Court Opinion

ID: 1283192
Source: CourtListenerOpinion
Date Created: 2013-10-30 05:20:45.491879+00
Date Added: 2024-06-11T09:21:50.317381
License: Public Domain

215 Ga. 183 (1959)
109 S.E.2d 588
SPENCER
v.
THE STATE.
20498.
Supreme Court of Georgia.
Argued June 8, 1959.
Decided July 8, 1959.
Ben F. Smith, Albert Adair, for plaintiff in error.

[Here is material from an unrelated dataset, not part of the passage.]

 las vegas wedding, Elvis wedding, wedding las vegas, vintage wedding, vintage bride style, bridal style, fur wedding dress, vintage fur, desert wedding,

Luther C. Hames, Jr., Solicitor-General, Eugene Cook, Attorney-General, Rubye G. Jackson, Deputy Assistant Attorney-General, contra.
DUCKWORTH, Chief Justice.
Nathaniel Spencer was indicted, tried, and convicted in Cobb Superior Court of murder, and the jury failed to return a recommendation for mercy. Thereafter, the defendant filed a motion for new trial which was subsequently amended and, after a hearing, denied. The exception is to that judgment. Held:
1. Justifiable homicide being a substantive and affirmative defense placed in issue by the evidence, and the court having failed to charge, either in specific or general terms, that it was the duty of the jury to acquit the defendant if they believed the defendant justified from the evidence, the court erred in failing to thus charge, and a new trial must be granted. Waller v. State, 102 Ga. 684 (1) (28 S. E. 284); Fountain v. State, 207 Ga. 144 (3) (60 S. E. 2d 433); Boyd v. State, 207 Ga. 567 (3) (63 S. E. 2d 394).

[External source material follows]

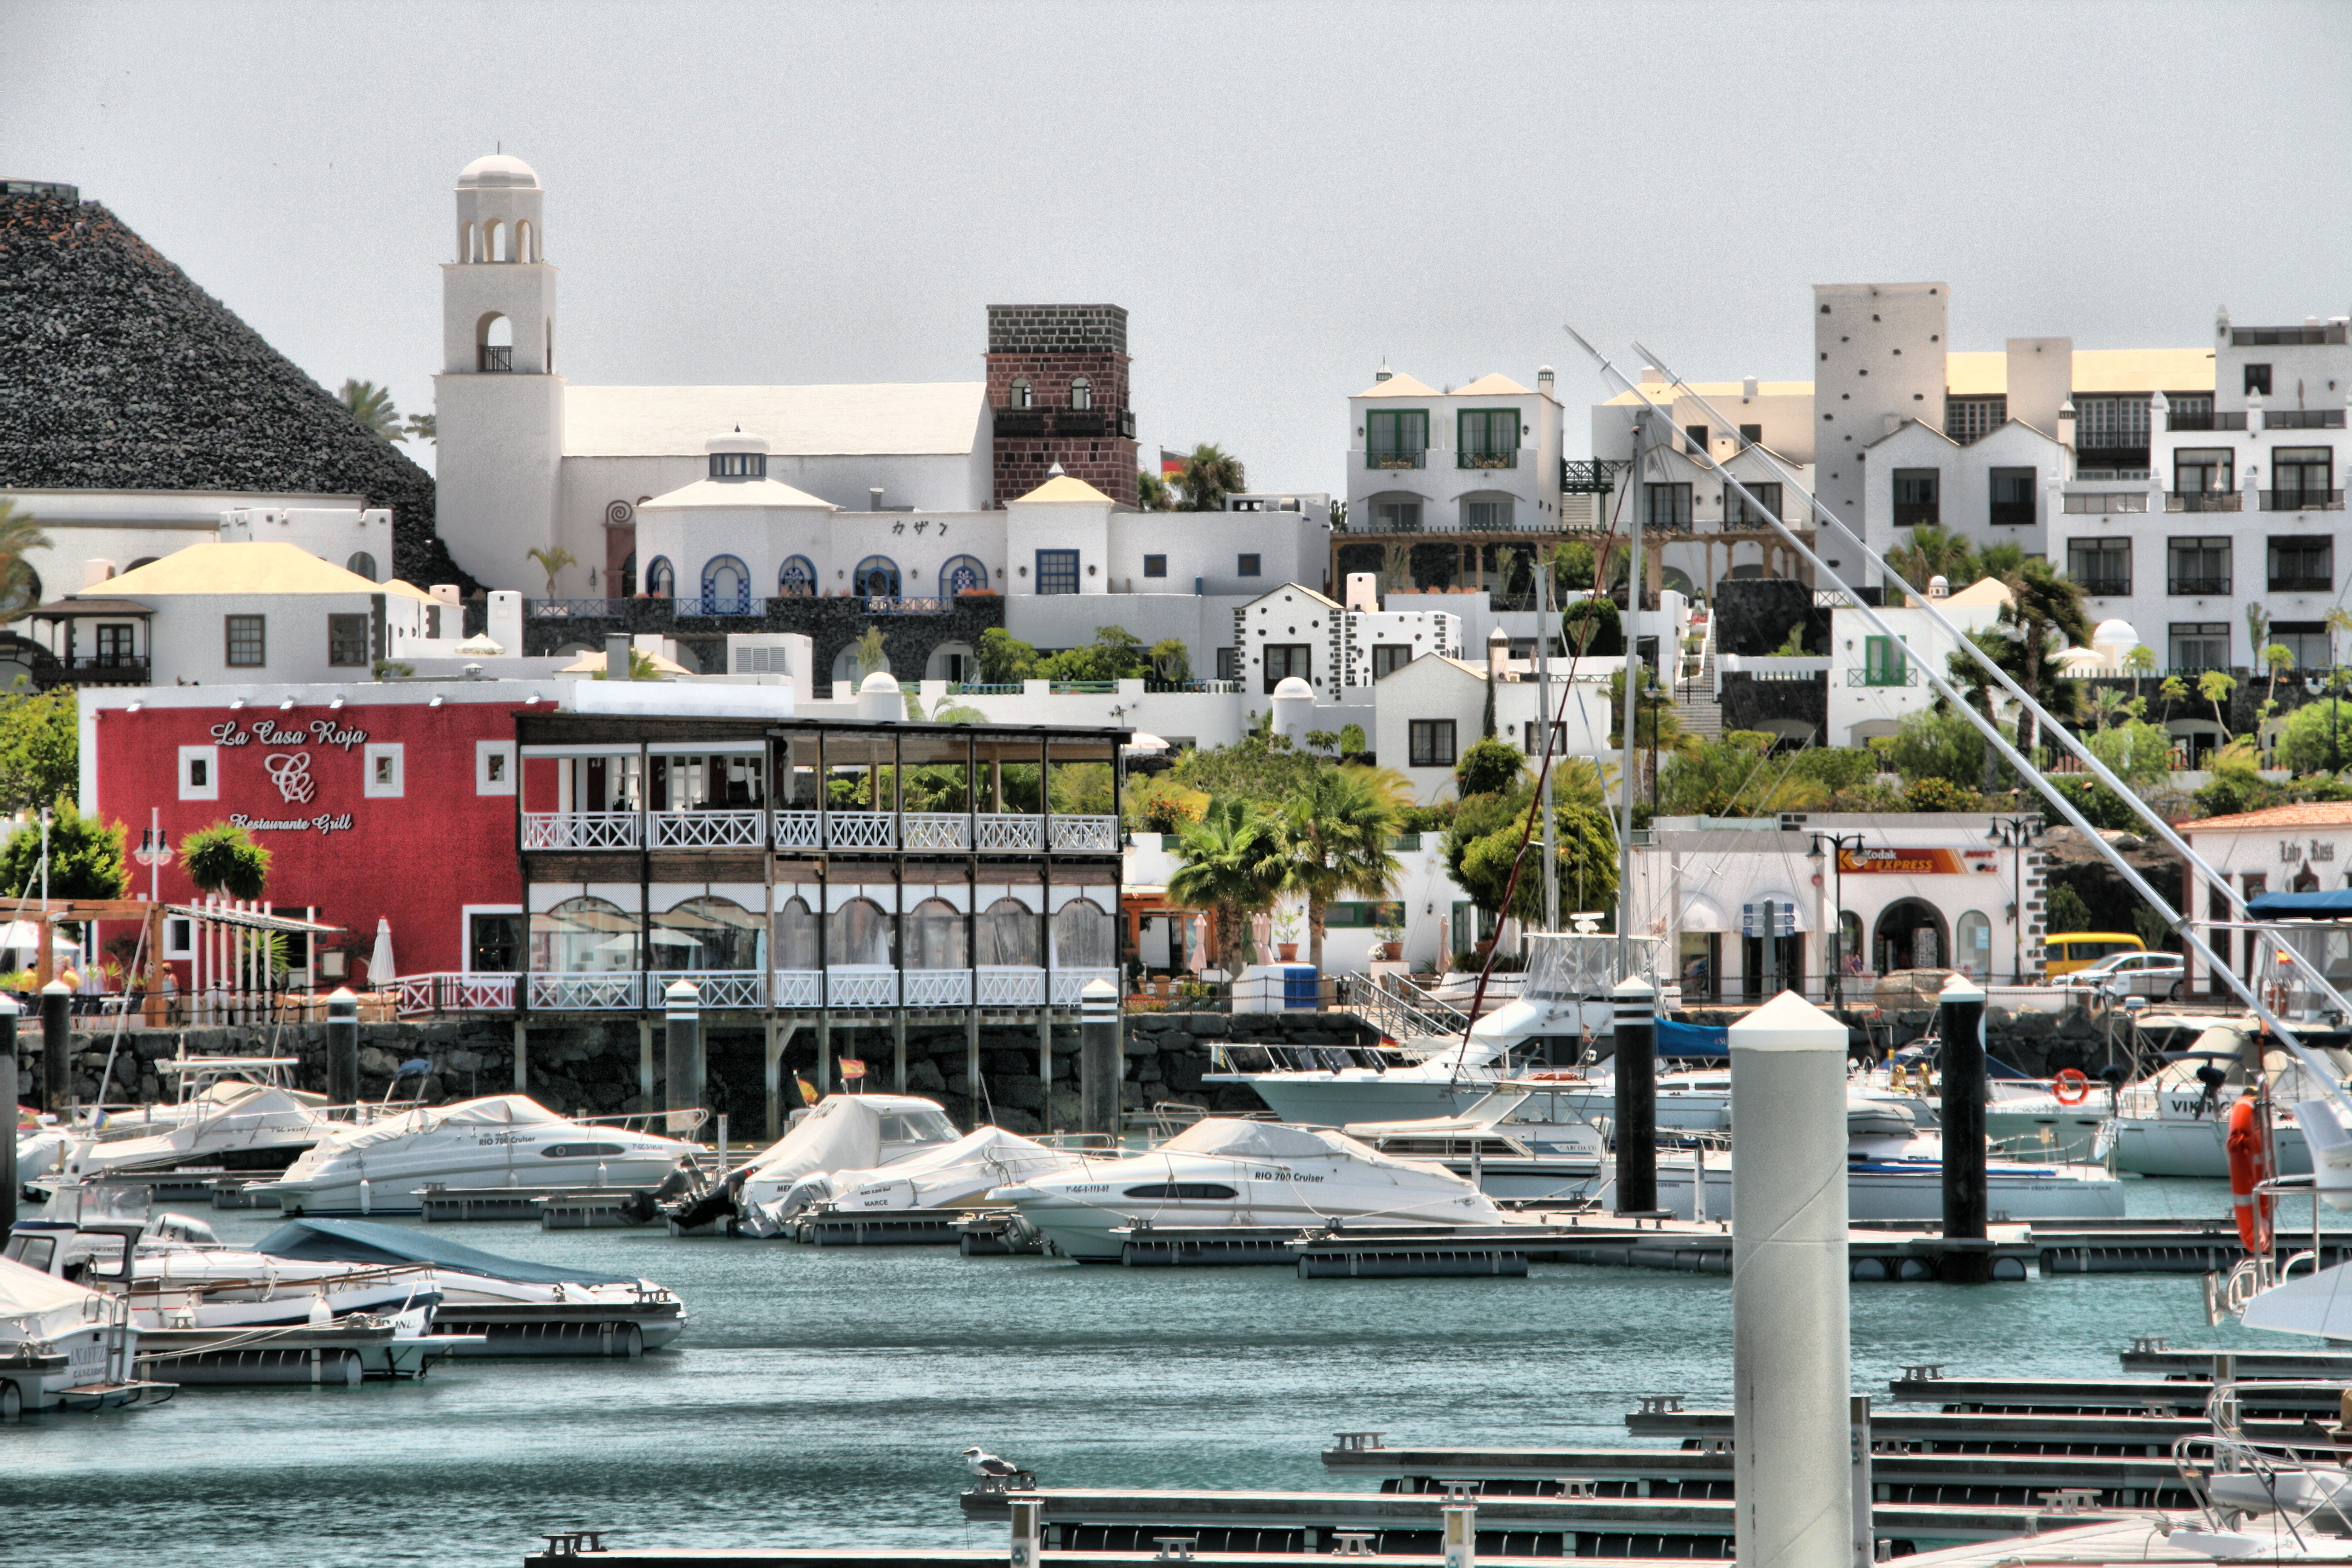 File:Rubicon Marina, Playa Blanca, Lanzarote, Canary Islands (2666979377).jpg

2. Examination of special grounds 1, 2, 3, 4, and 5 fails to disclose any error committed, hence these grounds are completely without merit.
3. The ruling in headnote 1 ordering a new trial renders unnecessary *184 any ruling on the ground based upon newly discovered evidence.
4. The evidence was sufficient to support the verdict, and the general grounds are without merit. For the reason stated in headnote 1 the judgment excepted to is
Reversed. All the Justices concur.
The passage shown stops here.